«En aquel tiempo, dijo Jesús a sus discípulos: “Cuando recéis, no uséis muchas palabras, como los gentiles, que se imaginan que por hablar mucho les harán caso. No seáis como ellos, pues vuestro Padre sabe lo que os hace falta antes que lo pidáis. Vosotros rezad así: ‘Padre nuestro del cielo, santificado sea tu nombre, venga tu reino, hágase tu voluntad en la tierra como en el cielo, danos hoy el pan nuestro de cada día, perdónanos nuestras ofensas, pues nosotros hemos perdonado a los que nos han ofendido, no nos dejes caer en la tentación, sino líbranos del Maligno’. Porque si perdonáis a los demás sus culpas, también vuestro Padre del cielo os perdonará a vosotros. Pero si no perdonáis a los demás, tampoco vuestro Padre perdonará vuestras culpas”». (Mt 6,7-15)
La oración es vital para el creyente, pues se trata del medio poderoso que nos pone en relación con Dios. Pero no sirve cualquier tipo de oración, por eso, Jesús tiene buen cuidado en enseñar a sus discípulos tanto la disposición con la que hemos de orar como el contenido de nuestra oración.
Advierte, en primer lugar, contra la verborrea, como si la mucha palabrería tuviera algo que ver con la verdadera oración. Dios conoce muy bien lo que nos conviene, y cuando se trata de amistad sobran las palabras. Por eso es mucho más importante la disposición con la que oramos.

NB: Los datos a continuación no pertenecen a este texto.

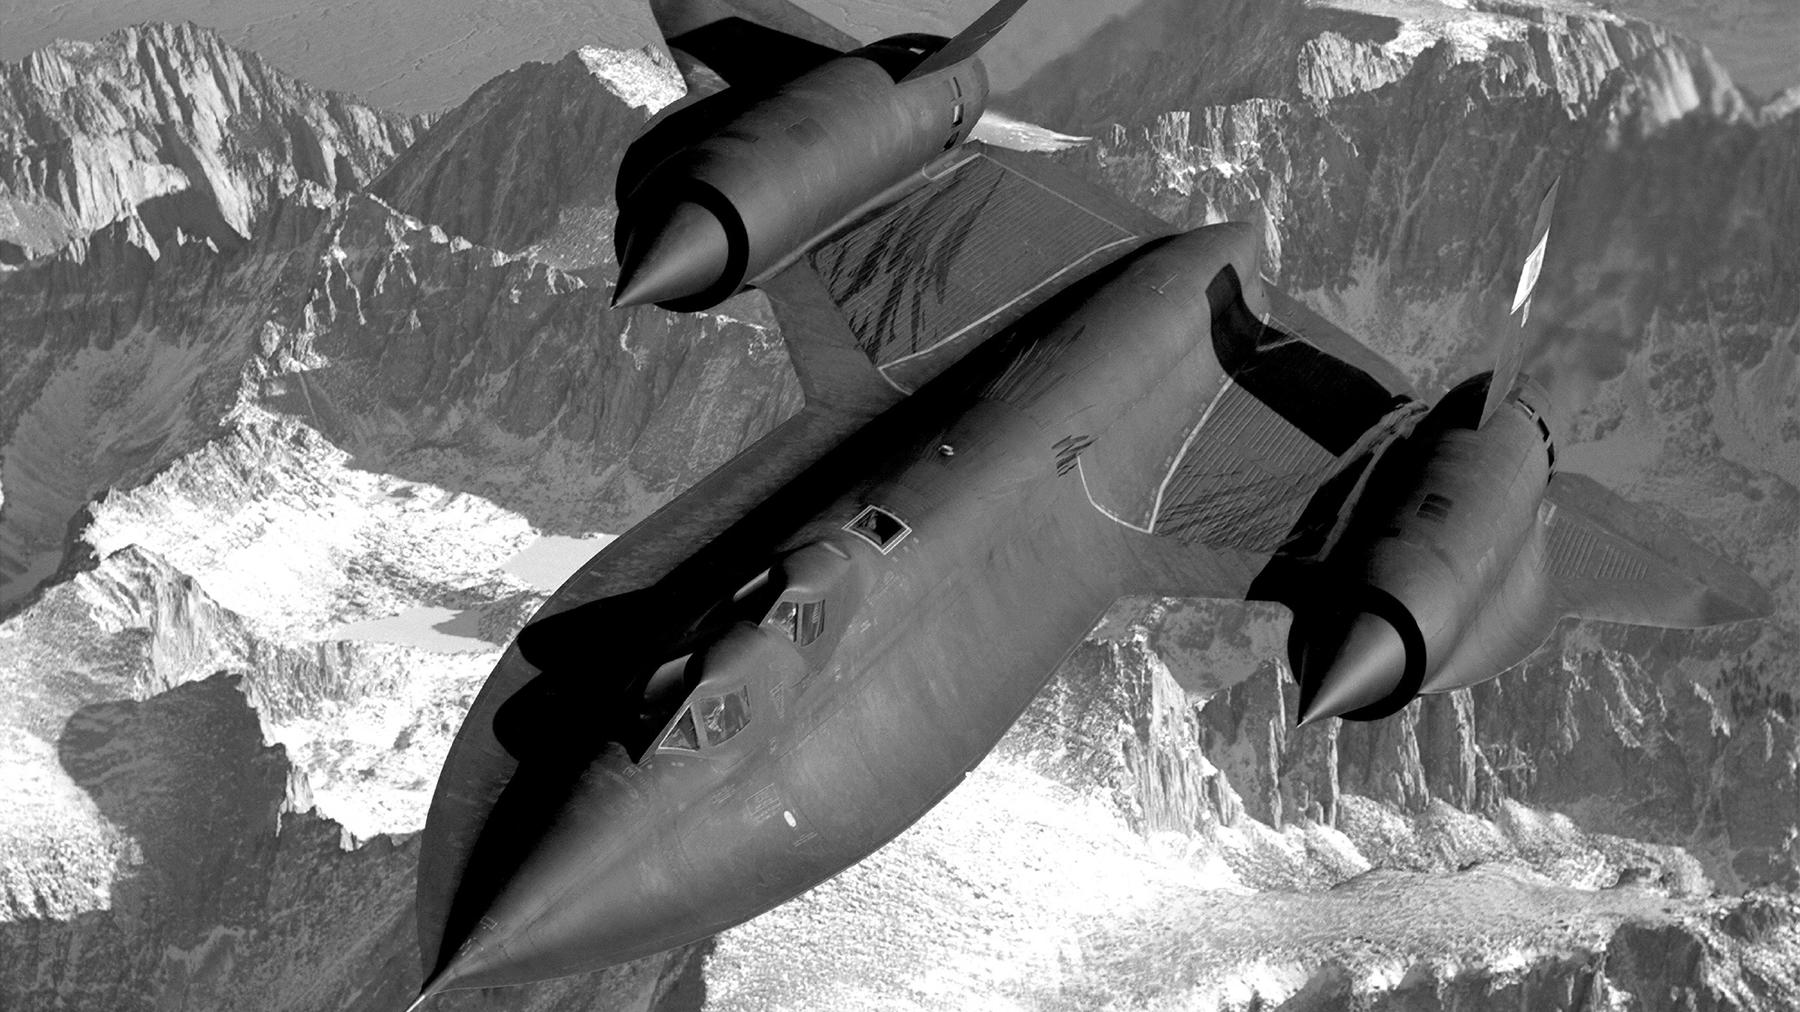 Hightech-Waffen - Technik der Kriegsführung

En la oración del Padrenuestro está contenido todo lo que es la oración cristiana, por lo que nos advierte San Agustín que si nuestra oración no coincide con el Padrenuestro, no es oración cristiana. Ahora bien, dentro del Padrenuestro lo más importante está al comienzo. Jesús nos advierte: “Vosotros rezad así: ‘Padre nuestro del cielo…’”. Hay una actitud que califica nuestra oración como cristiana, la misma de Cristo ante su Padre: la plena confianza en su amor y el abandono en su voluntad. Porque Cristo se sabe amado por el Padre, lo pone todo en sus manos, se deja llevar por Él. Como un niño confiado cogido de la mano de su padre, acepta caminar por los ásperos senderos de la vida sin temor alguno. Del mismo modo, el cristiano no duda del amor de Dios, que le lleva de la mano derecha y lo conduce, según sus planes, a un destino glorioso. Por eso, su actitud cuando se dirige a Dios es la misma actitud de Cristo: confianza absoluta en el amor del Padre. Así pues, al dirigirse al Señor comienza con el Abba, Padre, toda una declaración de intenciones, de modo que lo que sigue está determinado por esta postura fundamental.
Después vienen las peticiones por nuestras necesidades, todas ellas encaminadas a nuestra comunión con el Padre y al fortalecimiento de nuestra misión respecto al mundo. Por ello pedimos que sea santificado el Nombre de Dios, de modo que por nuestras buenas obras el mundo pueda glorificar a Aquel que realiza tales obras en frágiles criaturas. Que ven su reino y pase ya este mundo. Se trata del anhelo total de la Iglesia para que el Señor complete su obra de salvación, en la espera de que llegue a todos los que están llamados a completar su Cuerpo. Para ello es preciso que en la tierra podamos hacer nosotros su voluntad de modo que la tierra se acerque a la bienaventuranza del cielo. Entramos a continuación en el corazón del Padrenuestro al pedirle que nos dé el pan nuestro de cada día, el alimento que nos guarda para la vida eterna, pues así como dio cada día el maná a su pueblo en el desierto, es necesario que nos alimente a diario con el pan verdadero que Él va a dar: el cuerpo de Cristo, nuestra entrega libre a la voluntad de Dios en los acontecimientos de cada día. Para ello, como Cristo, necesitamos cargar libremente con el mal que otros nos puedan hacer y perdonar como somos perdonados por Dios, pues si Él nos ha condonado diez mil talentos, ¿no podemos nosotros perdonar quinientos denarios? Finalmente, una petición necesaria: que nos libre de nuestro enemigo, de aquel que nos quiere arrebatar nuestra herencia, a fin de que seamos liberados del mal, pues hay un único mal: vernos lejos de la comunión con Dios y frustrado nuestro ser. Frente a ello, aquello que nosotros llamamos males no son tales, sino momentos de gracia para que podamos confiarnos en su amor, ya que todo es gracia.